*WORK INSTRUCTION*: Copy nothing but the text: reproduce each line of the listing exactly and leave the pictures out.

*DATA BELOW*:
*-*-*

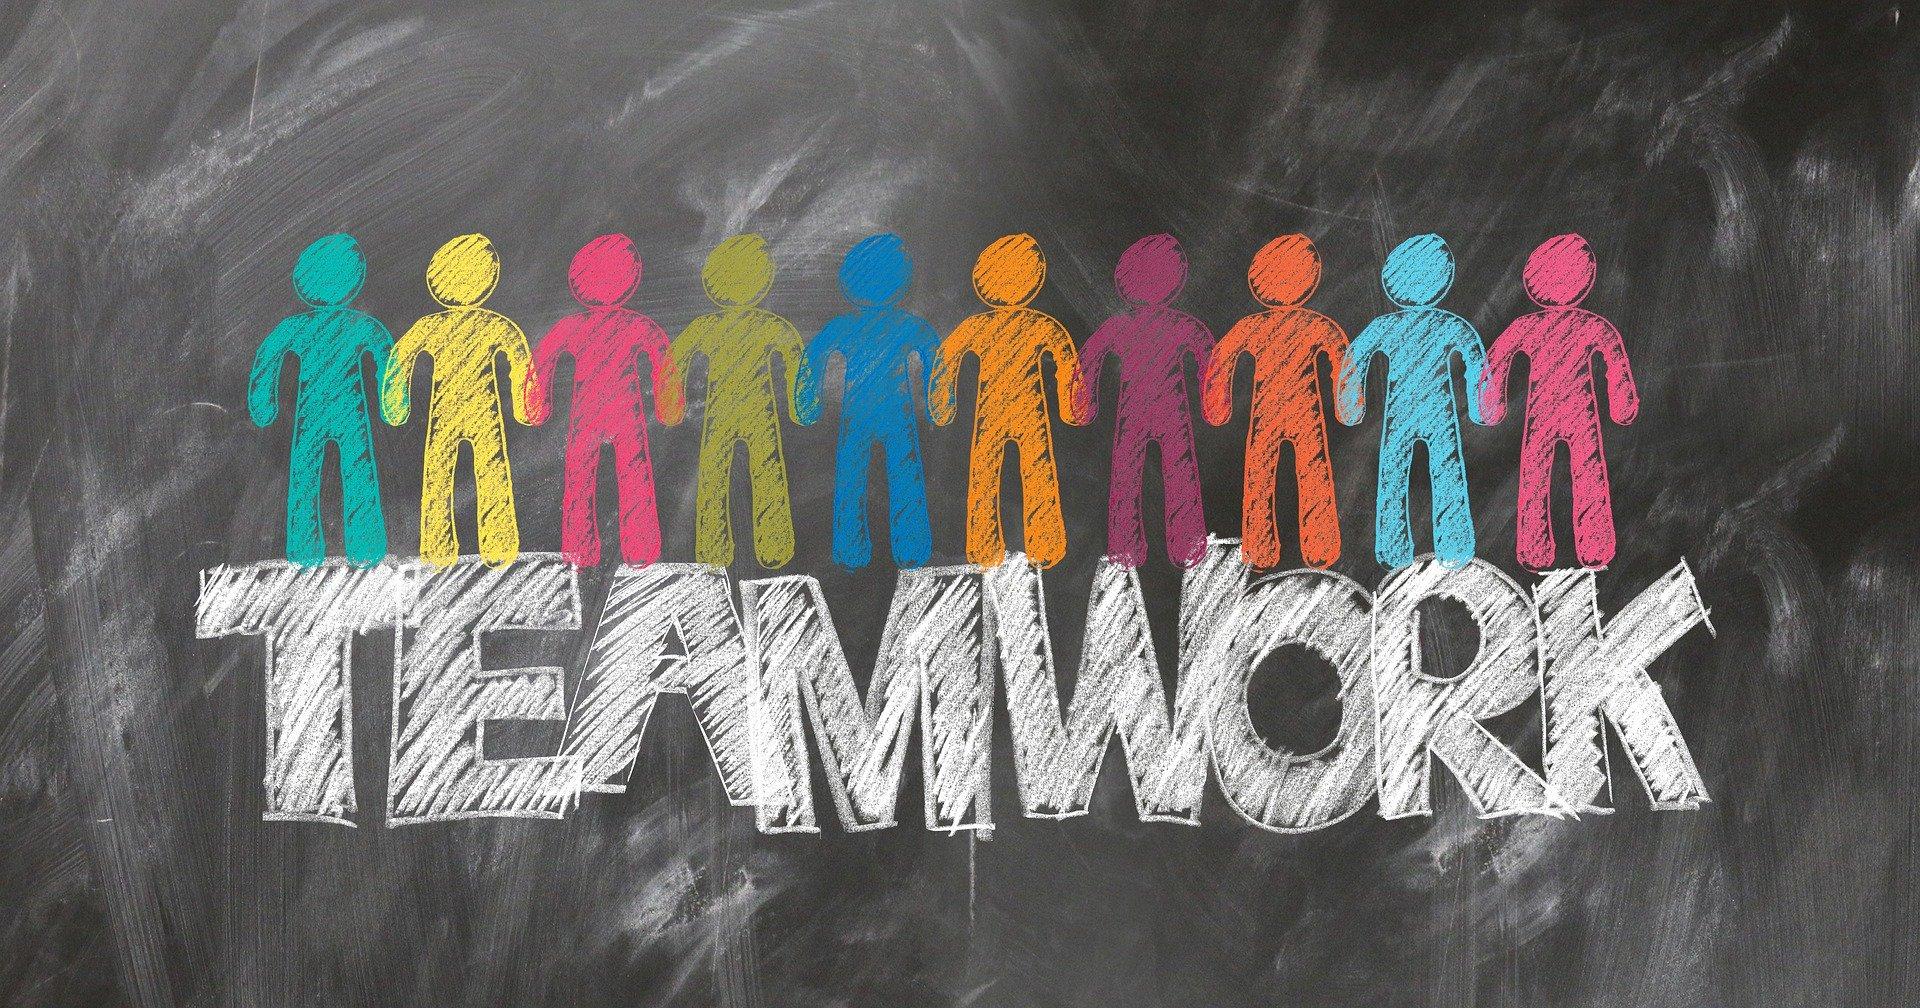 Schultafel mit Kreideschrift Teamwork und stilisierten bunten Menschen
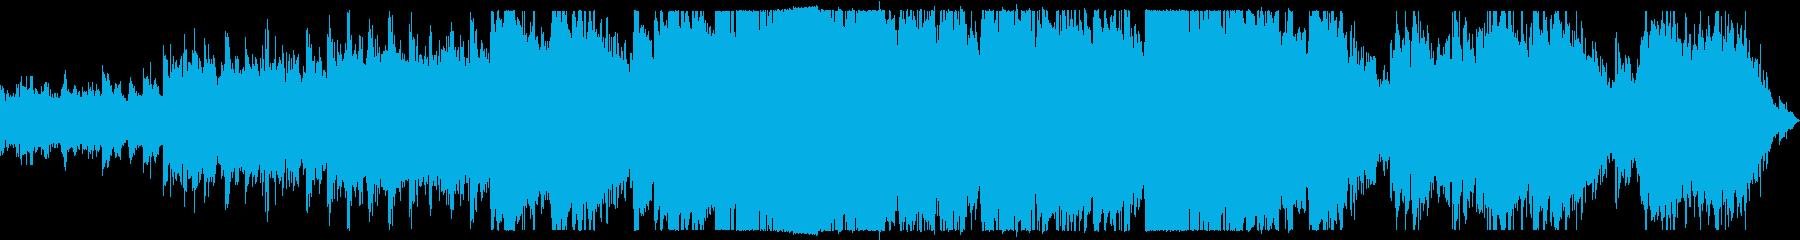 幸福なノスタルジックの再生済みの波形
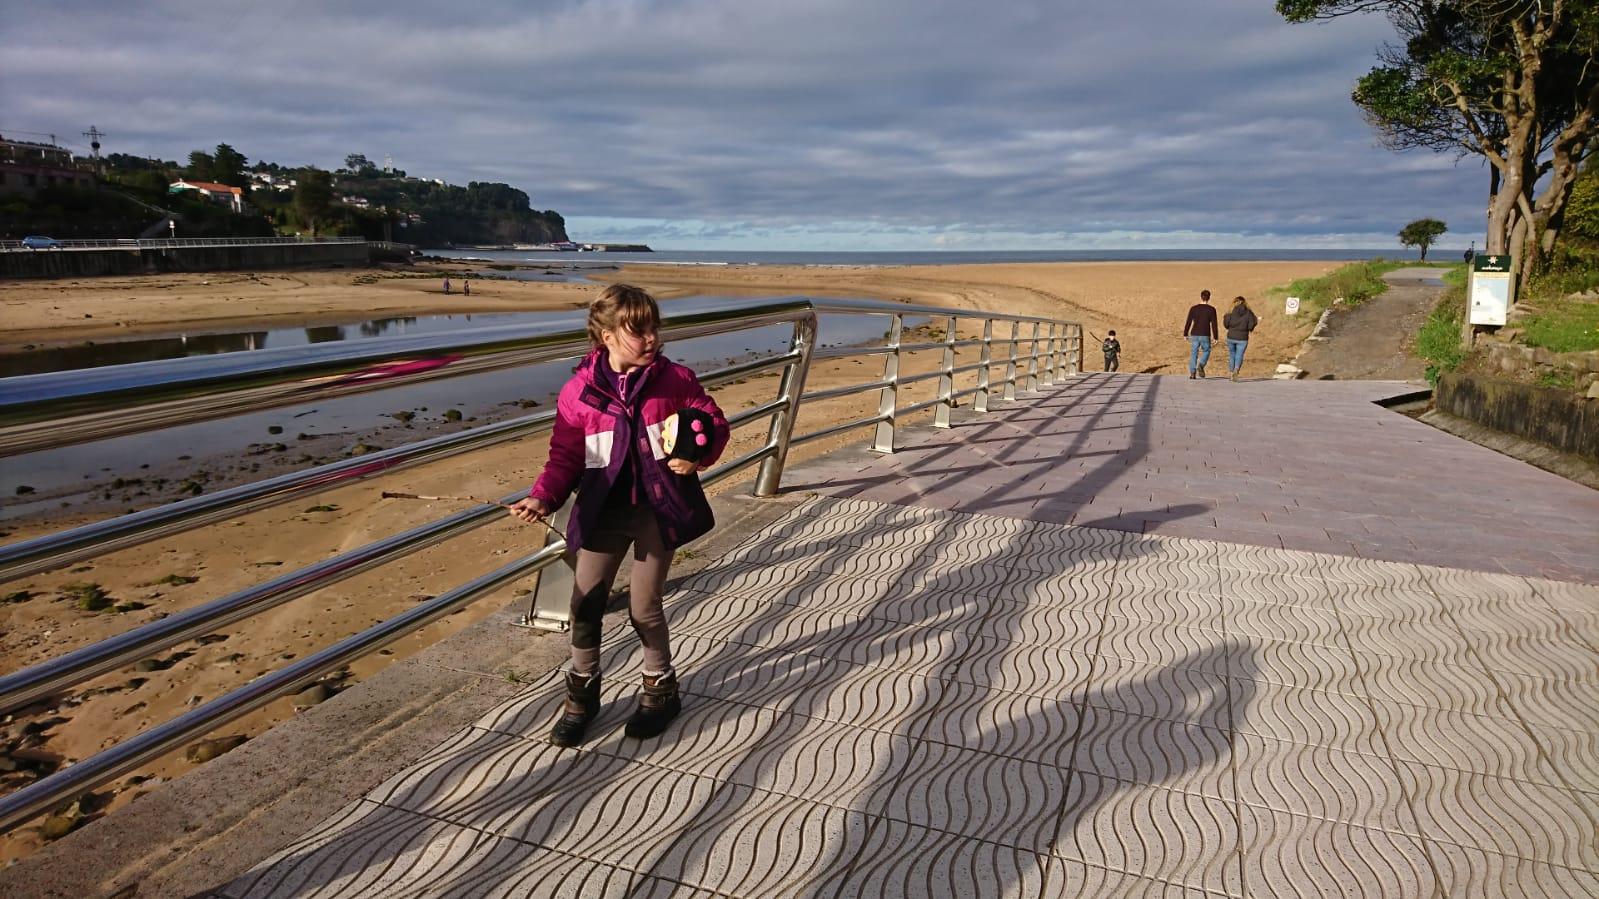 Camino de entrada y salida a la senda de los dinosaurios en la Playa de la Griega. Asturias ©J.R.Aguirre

*-*-*

*EXERCISE OUTPUT*:
 Schultafel mit Kreideschrift Teamwork und stilisierten bunten Menschen
 幸福なノスタルジックの再生済みの波形
 Camino de entrada y salida a la senda de los dinosaurios en la Playa de la Griega. Asturias ©J.R.Aguirre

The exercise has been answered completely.